TopoGEN scientists have created a novel, cell based kit to follow NHEJ by simply assaying for the presence of GFP positive cells (Fig. 1).
A specific reporter based assay for NHEJ can be very beneficial for anti-cancer drug discovery projects, learning more about the process of NHEJ repair and establishing intersecting pathways and druggable pathway targets.
This is a Mouse 3T3 cell-based reporter kit designed to allow the customer to screen or identify agents (drugs, natural products, small molecules, synthetics, miRNAs, and other genes) that affect or impact NHEJ repair. The kit uses GFP as an in situ readout for NHEJ activity in a cell context.

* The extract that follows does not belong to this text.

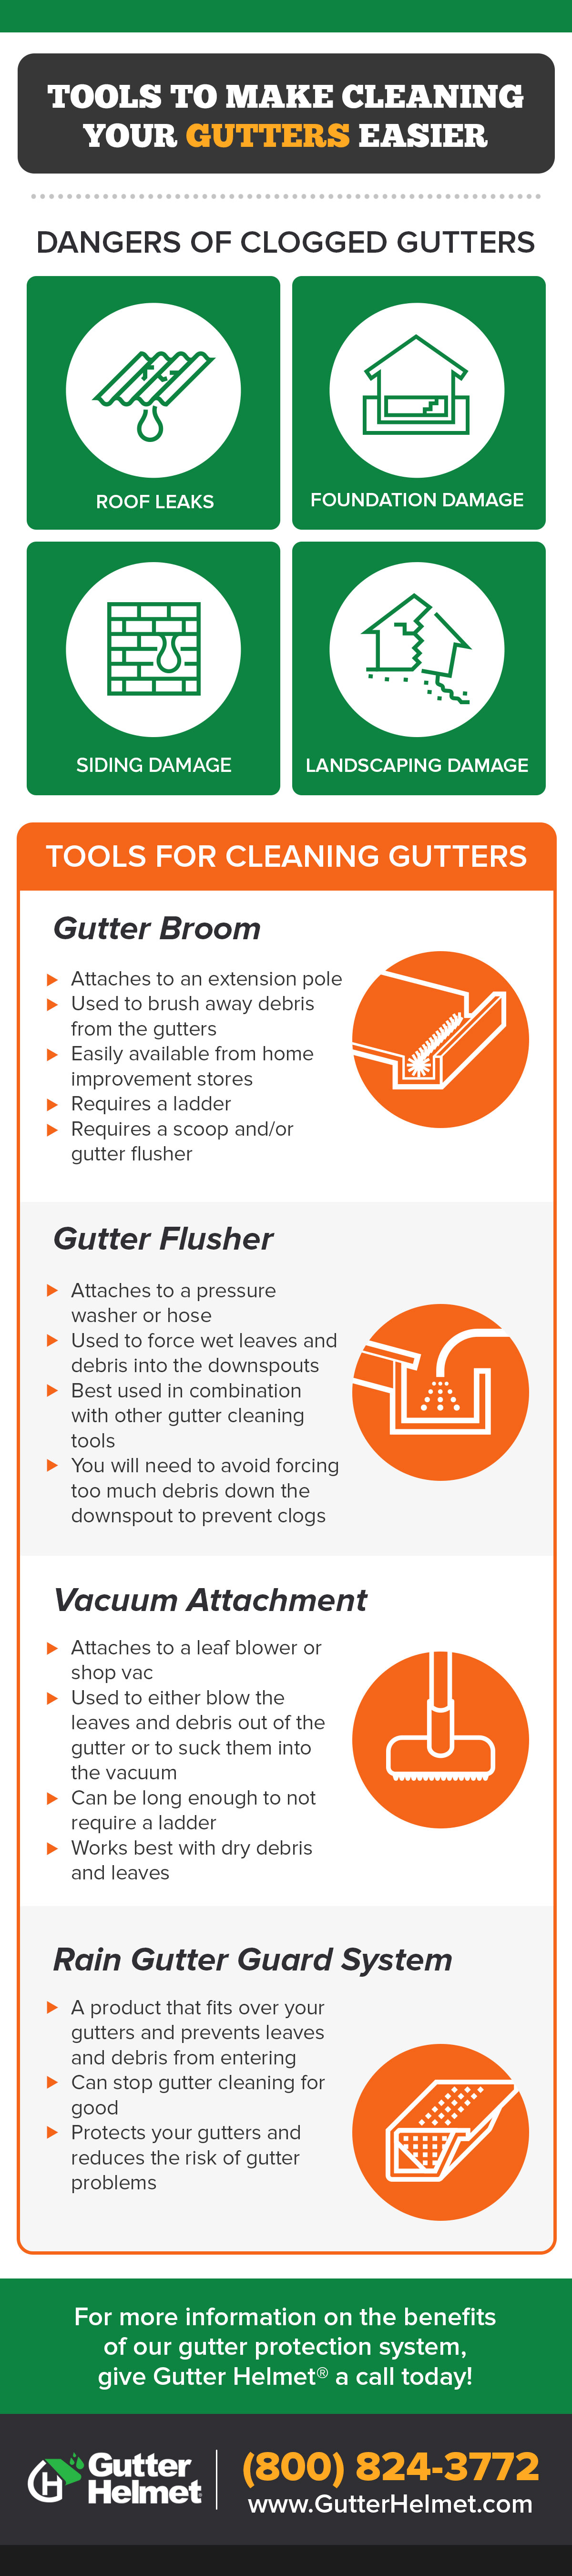 Infographics: Tools to Make Cleaning Your Gutters Easier

DNA is continually being exposed to genotoxic agents leading to cell death and/or changes in gene expression. Of the various forms of DNA damage, the most dangerous are DNA double-strand breaks (DSBs), which may create serious problems arising from inappropriate recombination such as chromosomal translocations. To deal with the threats posed by DSBs, cells have developed multiple mechanisms to detect, signal, and repair the regions in chromatin (2). Two main pathways, HR and NHEJ, are involved in the repair of DSB. These pathways are further subdivided into more specific sub-pathway processes. In prokaryotes, HR has been known to be a major pathway for the repair of DSBs, while in eukaryotes, NHEJ was thought to be preferred. These pathways are largely distinct from one another and function in complementary ways. While NHEJ is not cell cycle dependent, HR is strongly S-phase dependent. NHEJ involves the ligation of two DNA ends without homology and tends to be error prone while HR is high fidelity and essentially error free. In NHEJ, the broken DNA ends are modified for compatibility and then simply rejoined to restore DNA integrity. The resealing step is aided when there is some degree of micro-homology, even if only a few base pairs.

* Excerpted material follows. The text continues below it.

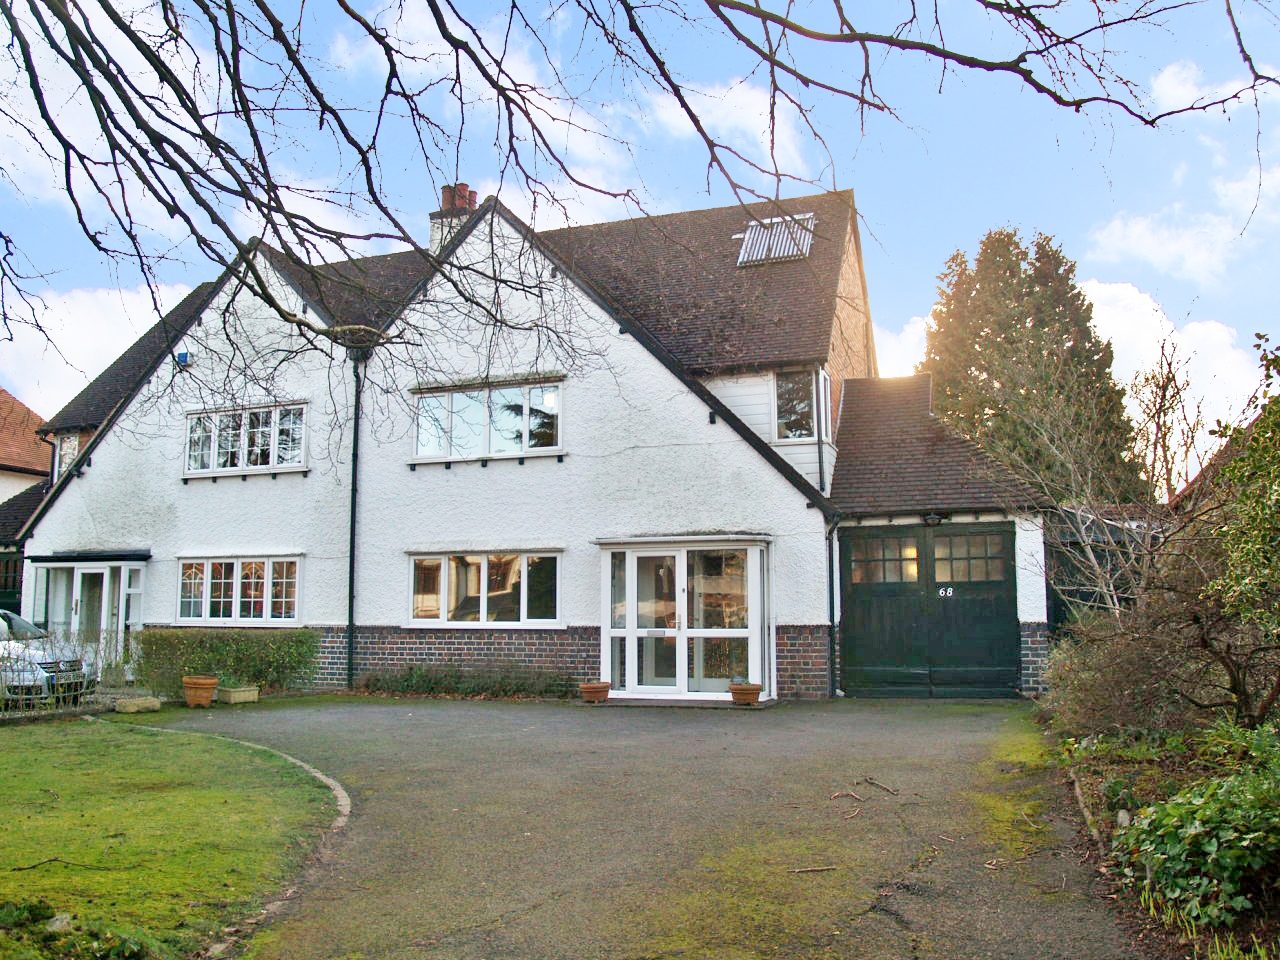 4 bedroom semi detached house SSTC in Solihull - Main Image.

This mouse 3T3 cell based/cell context system has been designed to allow researchers to examine and interrogate the NHEJ process in live cells. The method relies on a mutated GFP reporter that has two I-Sce1 sites disrupting the gene. When I-Sce1 is transfected into the HN-3T3 line, the incompatible I-Sce1 breaks are repaired by NHEJ and the cells become GFP positive (over a 2-4d window). These cells can be tracked by live imaging or assayed using Cytometry, Cytometry imaging tools or simply counting %GFP+ cells by fluorescence (see Fig. 1D).